The key material must be securely disposed of after use, to ensure the key material is never reused and to protect the messages sent. Because the key material must be transported from one endpoint to another, and persist until the message is sent or received, it can be more vulnerable to forensic recovery than the transient plaintext it protects (see data remanence).
As traditionally used, one-time pads provide no message authentication, the lack of which can pose a security threat in real-world systems. The straightforward XORing with the keystream, or the use of any invertible function known to the attacker, such as mod 26 addition, creates a potential vulnerability in message integrity. For example, an attacker who knows that the message contains “meet jane and me tomorrow at three thirty pm” at a particular point can replace that content by any other content of exactly the same length, such as “three thirty meeting is cancelled, stay home”, without having access to the one-time pad, a property of all stream ciphers known as malleability. See also stream cipher attack. Standard techniques to prevent this, such as the use of a message authentication code can be used along with a one-time pad system to prevent such attacks, as can classical methods such as variable length padding and Russian copulation, but they all lack the perfect security the OTP itself has. Universal hashing provides a way to authenticate messages up to an arbitrary security bound (i.e. for any p>0, a large enough hash ensures that even a computationally unbounded attacker’s likelihood of successful forgery is less than p), but this uses additional random data from the pad, and removes the possibility of implementing the system without a computer.
High-quality random numbers are difficult to generate. The random number generation functions in most programming language libraries are not suitable for cryptographic use. Even those generators that are suitable for normal cryptographic use, including /dev/random and many hardware random number generators, make some use of cryptographic functions whose security is unproven.

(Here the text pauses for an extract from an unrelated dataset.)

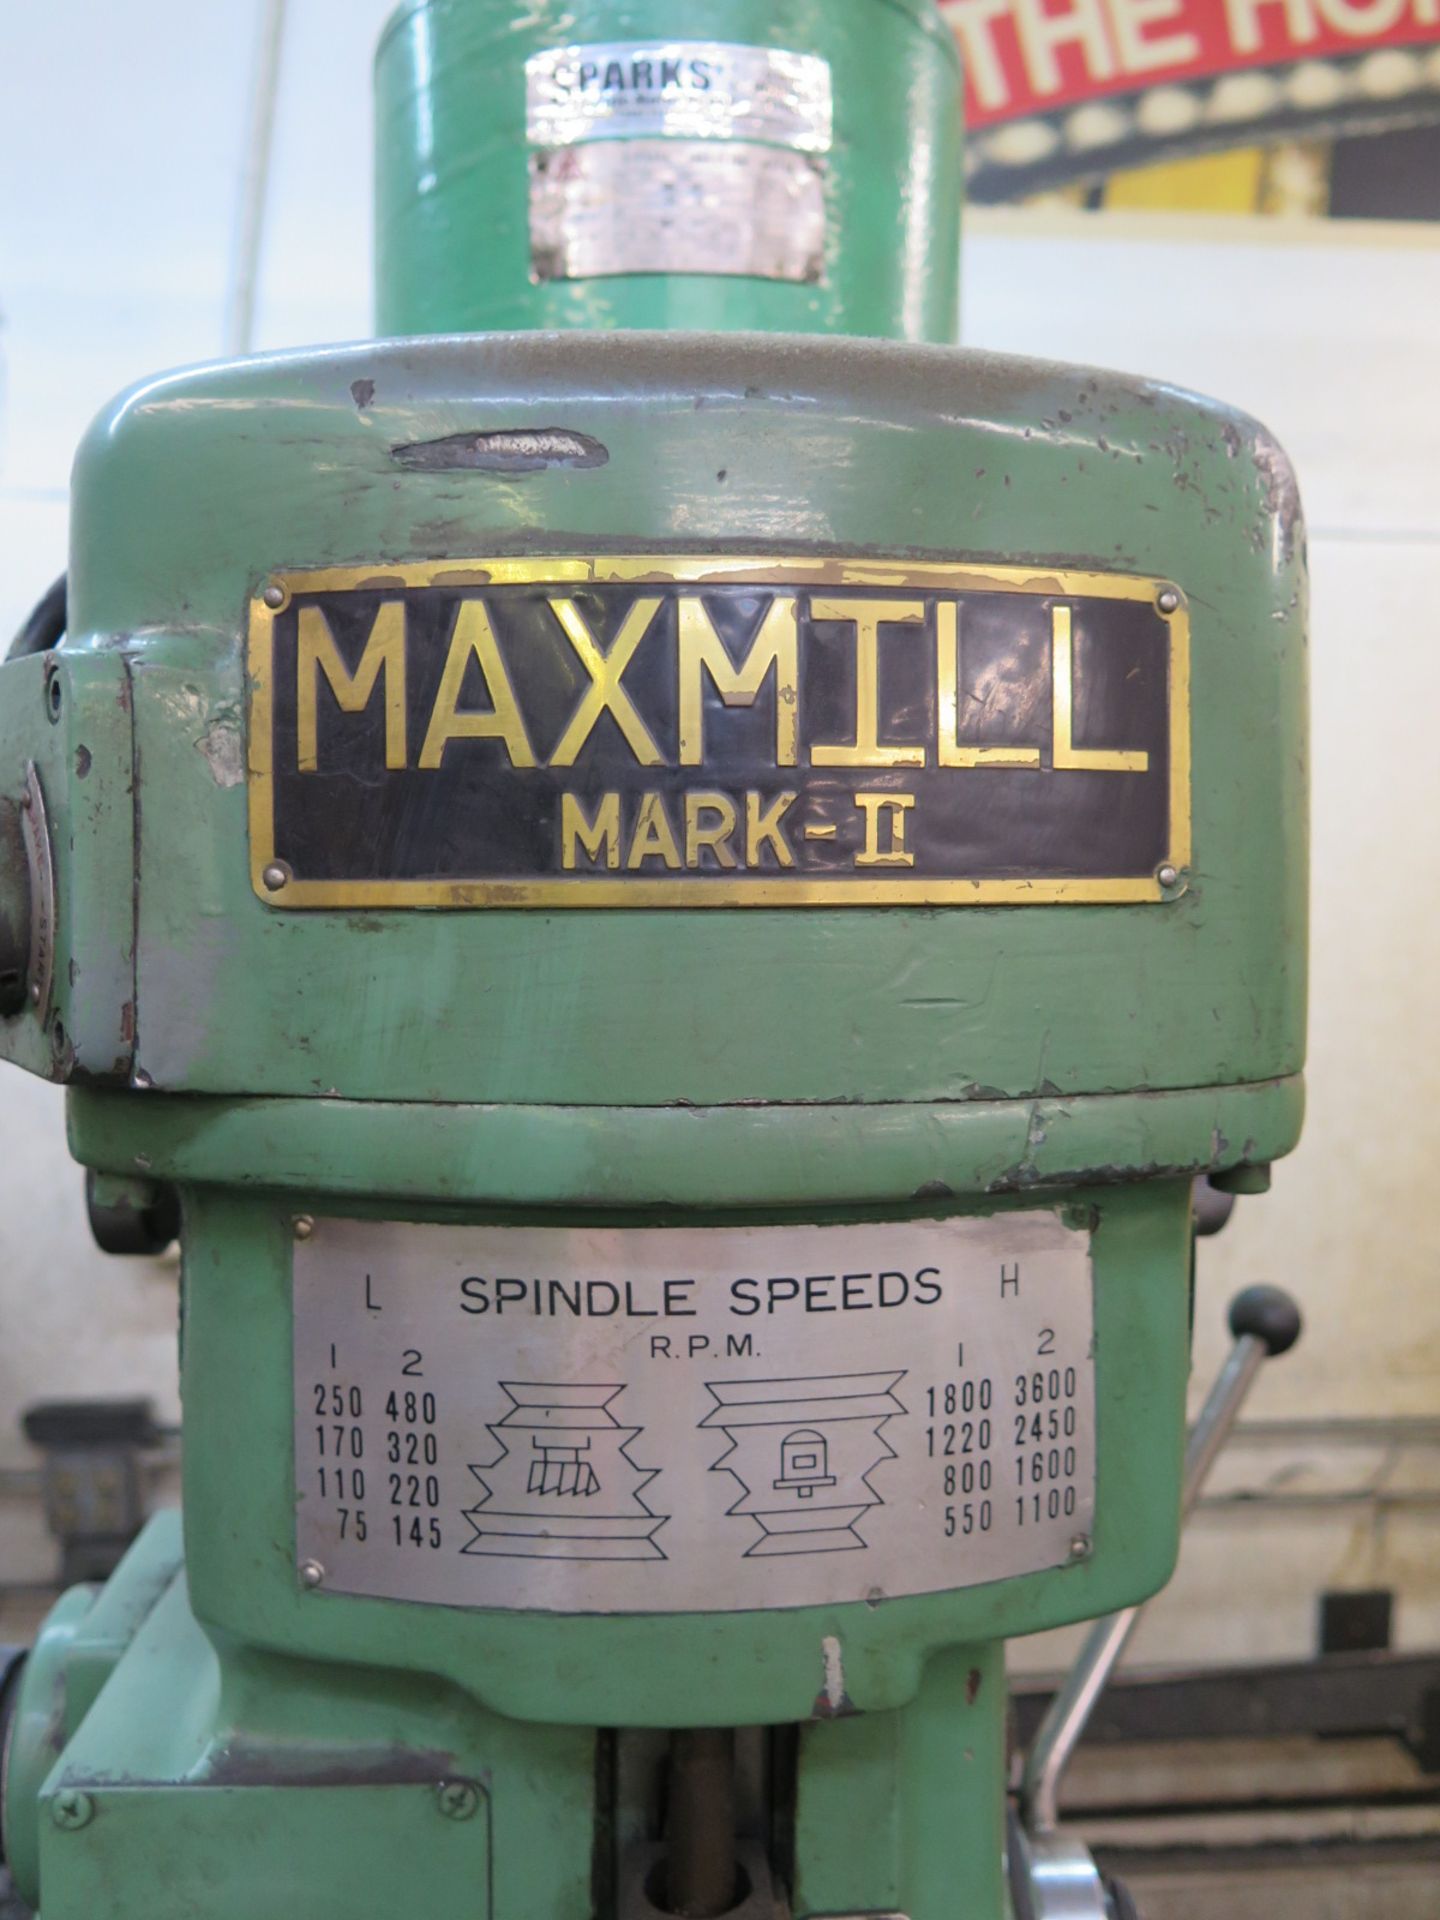 MaxMIll mdl. YC-2G Mark-II Universal Power Mill s/n 03498 w/ NTMB-40 Vertical and Horizontal - Image 3 of 7

In particular, one-time use is absolutely necessary. If a one-time pad is used just twice, simple mathematical operations can reduce it to a running key cipher. If both plaintexts are in a natural language (e.g. English or Russian or Irish) then, even though both are secret, each stands a very high chance of being recovered by heuristic cryptanalysis, with possibly a few ambiguities. Of course the longer message can only be broken for the portion that overlaps the shorter message, plus perhaps a little more by completing a word or phrase. The most famous exploit of this vulnerability occurred with the VENONA project.